TEMPO.CO, Jakarta - Anggota Mahkamah Kehormatan Dewan dari kubu Koalisi Merah Putih tak terima mantan Ketua Dewan Perwakilan Rakyat Setya Novanto akan dijatuhi vonis dalam kasus pelanggaran etika “papa minta saham”. Menurut anggota MKD dari Fraksi Partai Golongan Karya, Ridwan Bae, kasus tersebut telah selesai dan tidak akan ada vonis setelah Novanto mundur dari jabatannya sebagai Ketua DPR.
Ridwan mengatakan kasus itu sudah berhenti dengan dasar hasil keputusan rapat pada 16 Desember lalu. Apalagi, ucap dia, keputusan itu diambil setelah MKD menerima surat pengunduran diri Setya dan dibacakan secara terbuka. "Sangat politis kalau ada vonis," ujarnya ketika dihubungi, Selasa, 29 Desember 2015.
Sebab, ucap dia, vonis diberikan oleh orang-orang partai. Padahal, menurut Ridwan, Golkar sudah mengajukan tim panel untuk memeriksa Setya. Tim panel yang melibatkan ahli merupakan konsekuensi dari sanksi berat MKD. "Kalau berat, putusan lebih adil," tuturnya. "Setya mundur pun sama dengan risiko sanksi sedang."
Rangkaian sidang Setya berhenti saat pembacaan putusan karena politikus Golkar itu mendadak mengundurkan diri sebagai Ketua DPR. Padahal, dalam sidang pada 16 Desember lalu, semua anggota MKD menyatakan Setya melakukan pelanggaran etik karena mencatut nama Presiden Joko Widodo dan Wakil Presiden Jusuf Kalla untuk meminta saham PT Freeport Indonesia serta pembangkit listrik tenaga air di Urumuka, Papua.
Sepuluh anggota MKD menyatakan Setya melanggar etik kategori sedang dengan konsekuensi mundur dari jabatan Ketua DPR dan tidak boleh menjabat di Alat Kelengkapan Dewan. Sedangkan tujuh lain--tiga di antaranya dari Golkar--menyatakan Setya melakukan pelanggaran etik berat dengan ancaman hukuman dicopot sebagai anggota DPR.
Sebelumnya, Wakil Ketua MKD Junimart Girsang mengatakan Setya akan diberikan vonis sedang yang akan dibacakan setelah masa reses.

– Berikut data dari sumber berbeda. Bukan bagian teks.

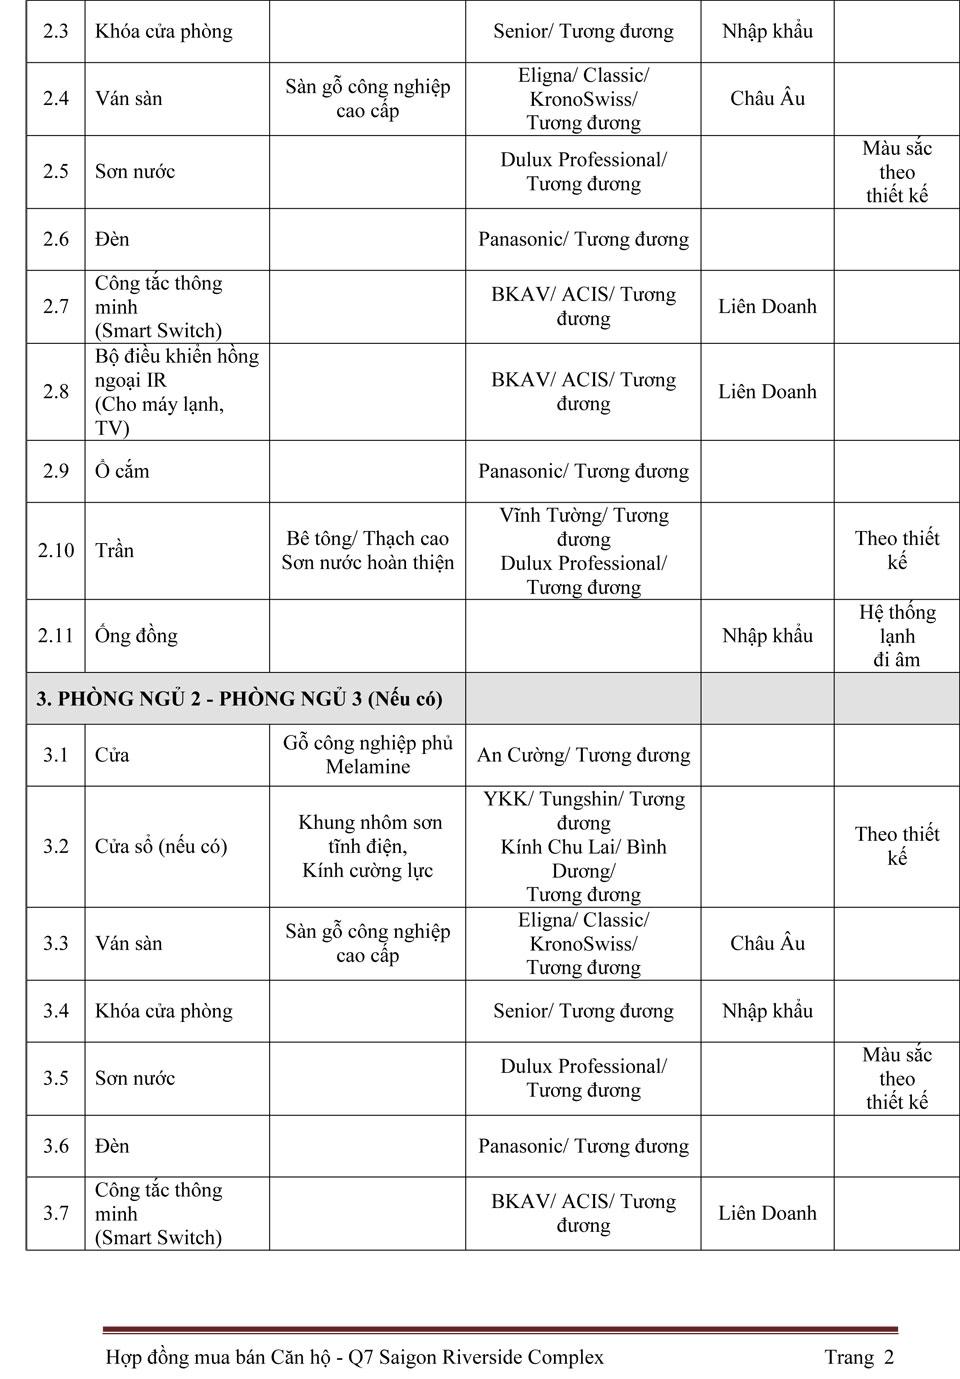 Bảng nguyên vật liệu căn hộ Q7 Saigon riverside

Menurut dia, kasus tersebut belum selesai setelah Ketua MKD membacakan surat pengunduran diri Setya. "Kemarin itu belum final. Kami baru membaca amarnya saja. Kalau putusan, panjang bacanya," ucapnya, Senin lalu.
Anggota MKD dari Fraksi Partai Gerakan Indonesia Raya, Supratman Andi Agtas, menyatakan Junimart membuat kegaduhan politik baru dengan rencana pembacaan vonis Setya. "Putusan rapat paling tinggi adalah kasus selesai. Junimart ini ngawur," ujarnya.

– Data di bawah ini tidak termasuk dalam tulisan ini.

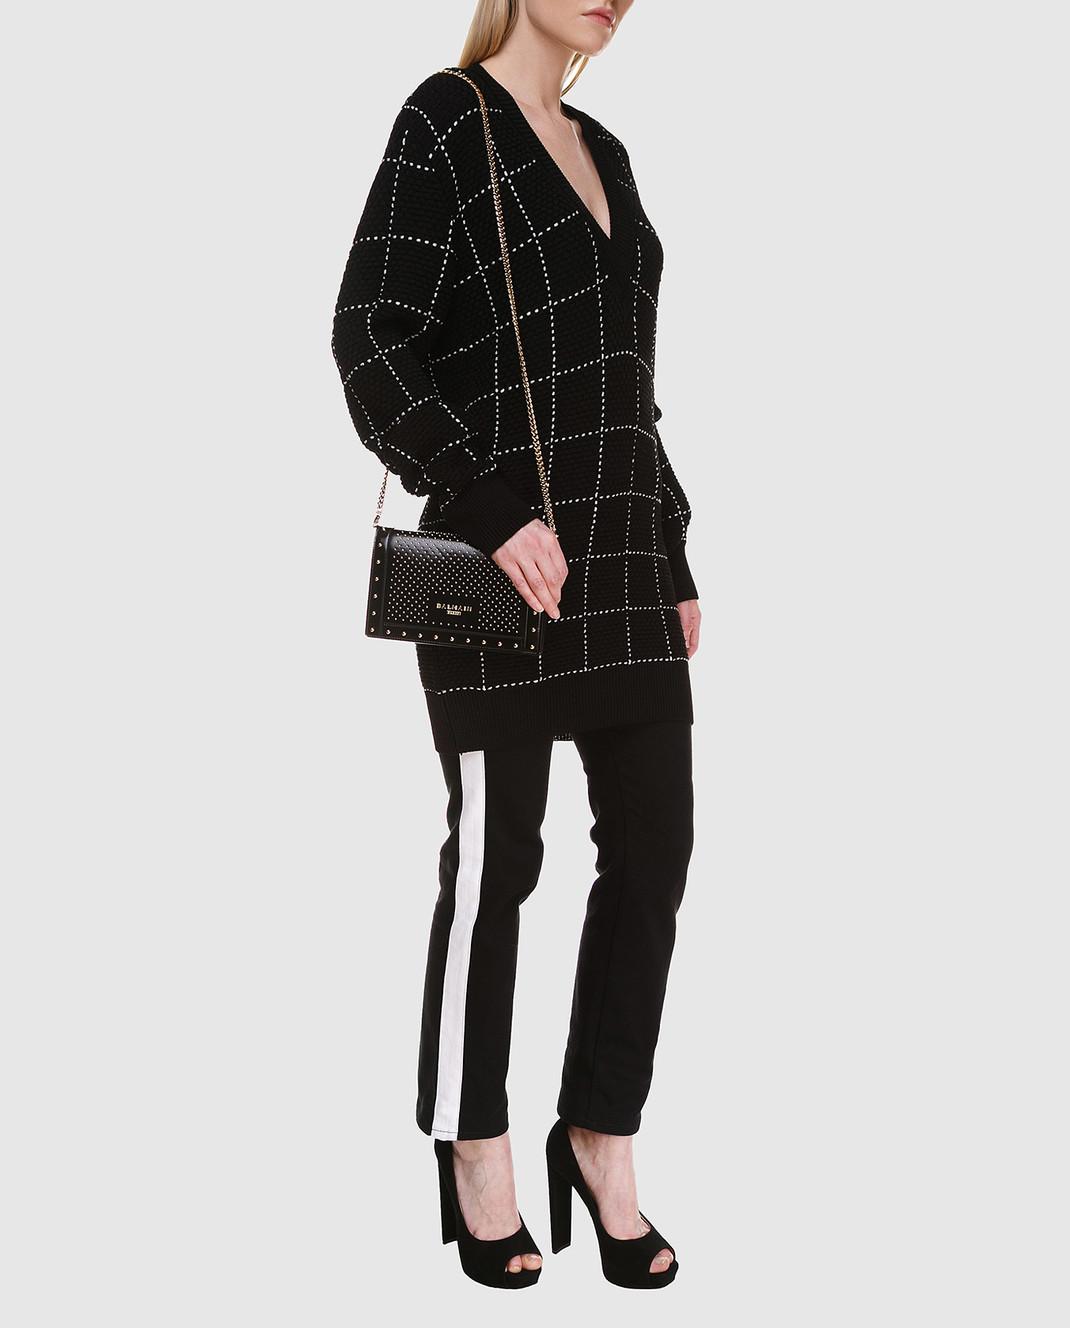 Balmain Черный свитер 136667 изображение 2

Anggota MKD dari Fraksi Partai Demokrat, Darizal Basir, menuturkan Setya perlu diberi vonis. "Agar sanksi melekat kepada Setya dan tidak mengulangi lagi," katanya. Menurut dia, semua kasus yang disidang di MKD wajib ada sanksi. "Buat apa kami sidang lima hari lima malam kalau tanpa putusan?"